Diffusion Models and Related Architecture


A brief overview of diffusion models and the architure that has lead to modern day implementations.

I’ll be using this a rough guide as I further explore each model in greater detail.

Foundations (Pre-Diffusion, Influences)

Before diffusion models, generative modeling was dominated by:

  • VAEs (Variational Autoencoders, 2013–2014) → probabilistic latent-variable models with encoder–decoder structure. Key influence on later latent diffusion.
  • GANs (2014) → direct adversarial training for images, not diffusion but often compared.
  • Autoregressive models (e.g., PixelCNN 2016, PixelRNN 2016) → inspired sequential generation ideas later seen in diffusion.

First Diffusion Models

  • Sohl-Dickstein et al. (2015)Deep Unsupervised Learning using Nonequilibrium Thermodynamics
    • First formulation of diffusion probabilistic models (DPMs).
    • Forward process = gradual noise addition, reverse = denoising.
  • DDPM (Denoising Diffusion Probabilistic Models, Ho et al. 2020)
    • First widely adopted modern diffusion model.
    • Uses a U-Net–like architecture.
    • Key idea: reverse process parameterized by neural net.
    • This is the “ImageNet/Gaussian noise baseline.”
  • Score-Based Generative Models (Song & Ermon 2019–2020)
    • Independently introduced score matching with stochastic differential equations.
    • Equivalent to DDPM, but phrased in continuous time.

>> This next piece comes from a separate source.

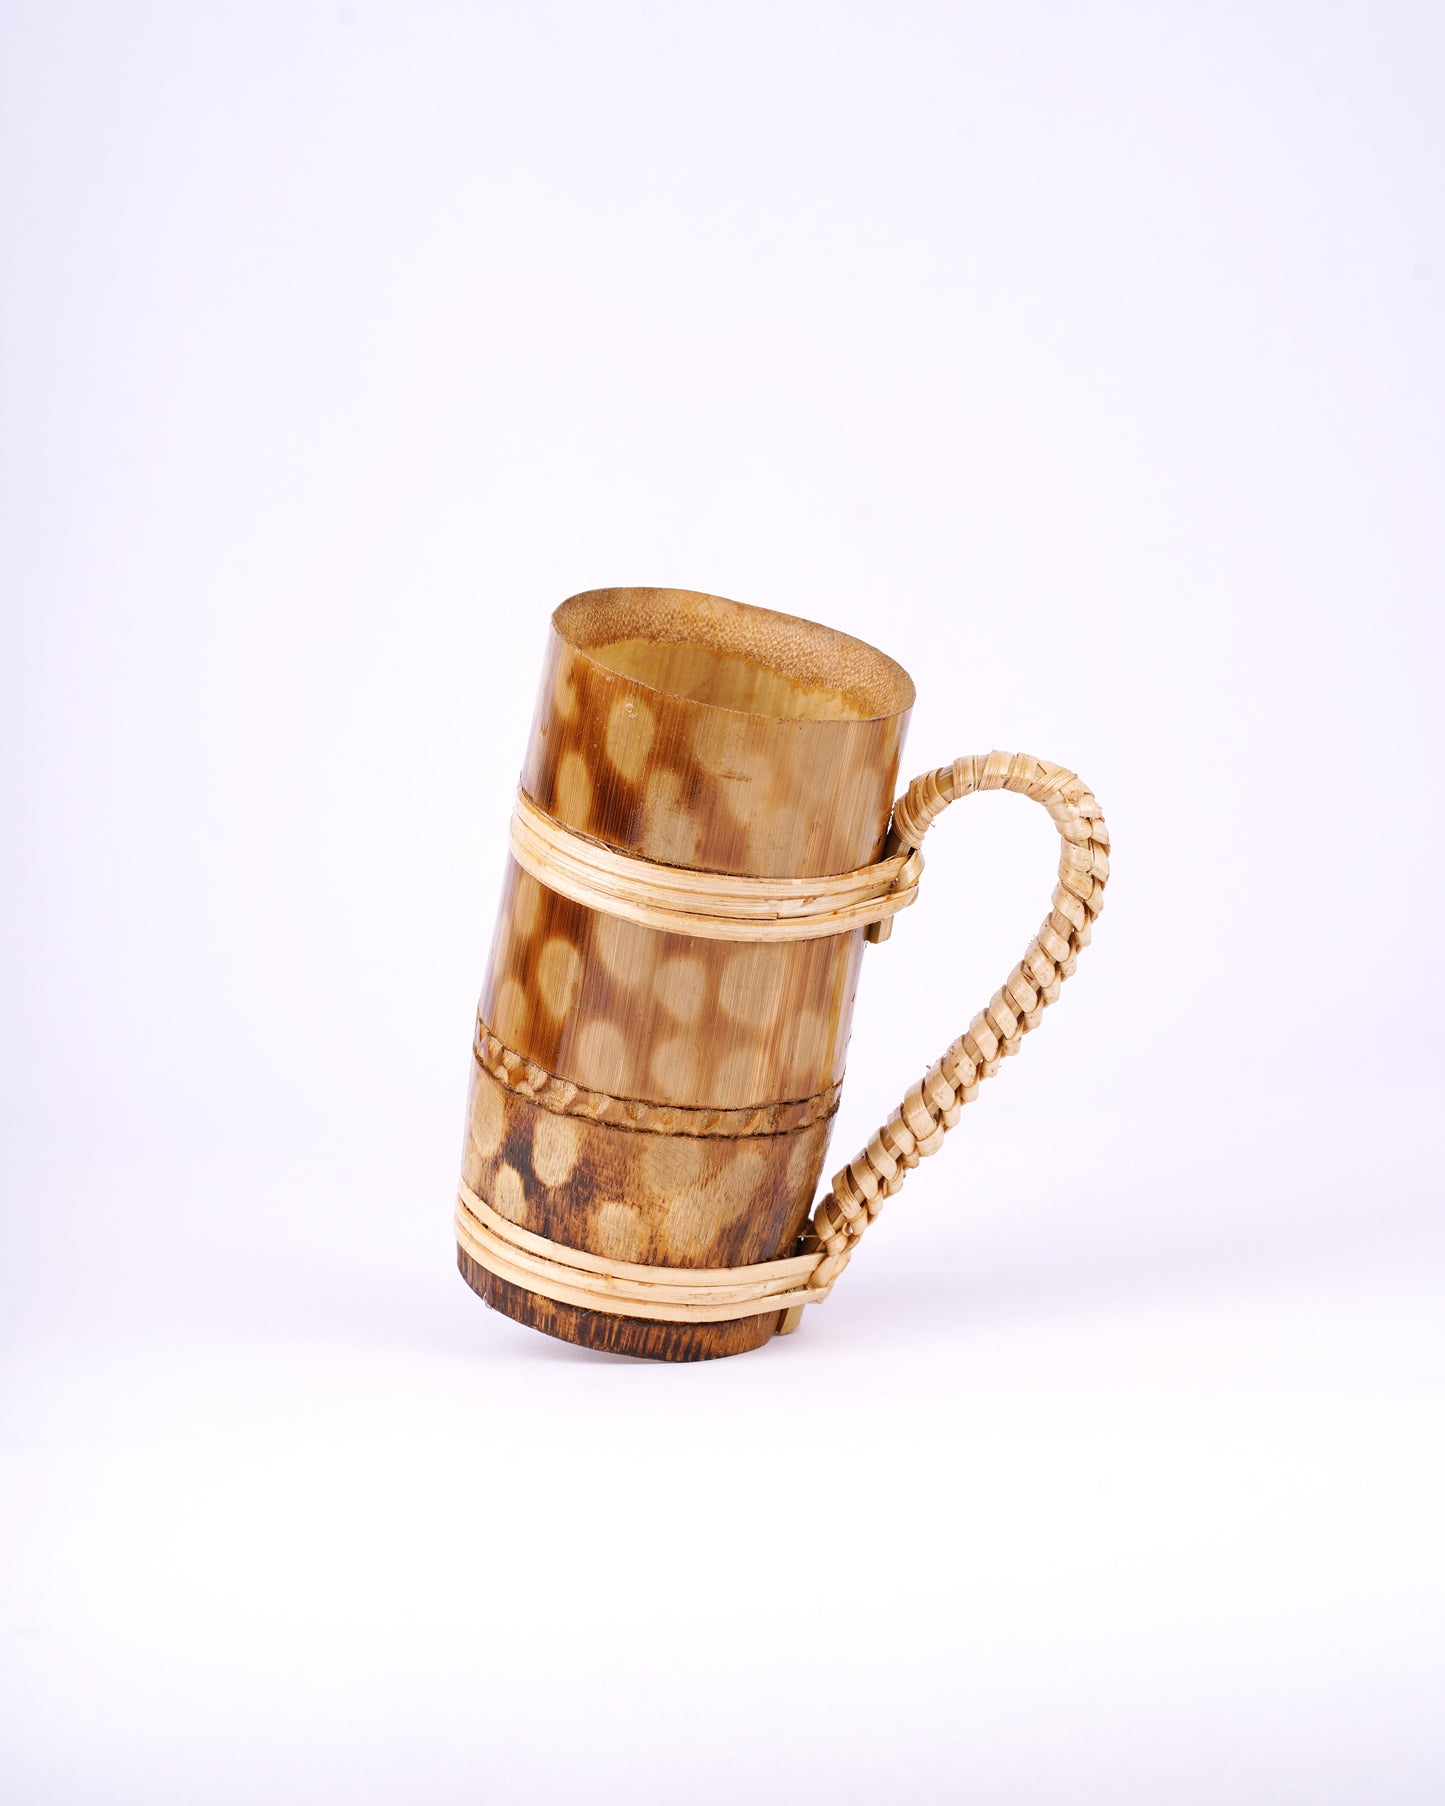 Bamboo Beer Mug (set of 3)

Efficiency & Quality Improvements

  • DDIM (Denoising Diffusion Implicit Models, Song et al. 2020)
    • Deterministic sampling version of DDPM.
    • Much faster inference (fewer steps).
  • Improved DDPMs (Nichol & Dhariwal 2021)
    • Better noise schedules, architecture tweaks, guidance strategies.
  • Classifier Guidance / Classifier-Free Guidance (Dhariwal & Nichol 2021)
    • Conditioning trick to boost fidelity/controllability.
    • Used in many modern text-to-image systems.

Latent Space Diffusion

  • VAE-based Latent Representations
    • VAE (2013) ideas are re-used here: instead of diffusing in pixel space, compress to latent first.
  • LDM (Latent Diffusion Models, Rombach et al. 2022 — Stable Diffusion’s core)
    • Diffusion happens in latent space learned by an autoencoder (usually a VAE).
    • Enables much faster and memory-efficient generation.
    • This is the foundation of Stable Diffusion.

Text-to-Image Breakthroughs

  • GLIDE (OpenAI, 2021)
    • Diffusion + text conditioning.
    • Predecessor to DALL·E 2.
  • DALLE-2 (OpenAI, 2022)
    • Uses CLIP embeddings + diffusion decoder.
  • Imagen (Google, 2022)
    • Text-to-image with T5 embeddings.
    • Large-scale high-quality results.
  • Stable Diffusion (2022)
    • Open-source implementation of LDM + text conditioning (via CLIP).
    • Spawned the whole open ecosystem.

Specialized & Advanced Variants

  • Consistency Models (Song et al. 2023)
    • Train for one-step or few-step generation while maintaining diffusion quality.
  • Rectified Flow / Flow Matching (2022–2023)
    • Reformulate diffusion as ODE/flow problem.
    • Faster, cleaner math, used in some next-gen models.
  • Video Diffusion (2022–2023 onward)
    • e.g., Imagen Video, Pika Labs, Runway.
    • Extend LDMs into temporal dimensions.

Summary of Key Logical Lineage

  • DDPM (2020) ← from original Sohl-Dickstein DPMs (2015).
  • DDIM (2020) is a deterministic/speedup variant of DDPM.
  • Improved DDPMs (2021) refine DDPM.
  • Classifier-free guidance is an add-on, not a new model.
  • LDM (2022) = DDPM in VAE latent space.
  • Stable Diffusion (2022) = LDM + CLIP conditioning.
  • GLIDE / DALLE-2 / Imagen = LDM/score-based diffusions + text conditioning.
  • Consistency Models / Flow Matching = alternative formulations for efficiency.

  • DDPM → DDIM → Improved DDPM → LDM → Stable Diffusion is the direct core lineage.
  • Score-based models are parallel but mathematically equivalent.
  • VAEs reappear as the backbone for LDMs.
  • GANs/autoregressive were competitors, but diffusion superseded them.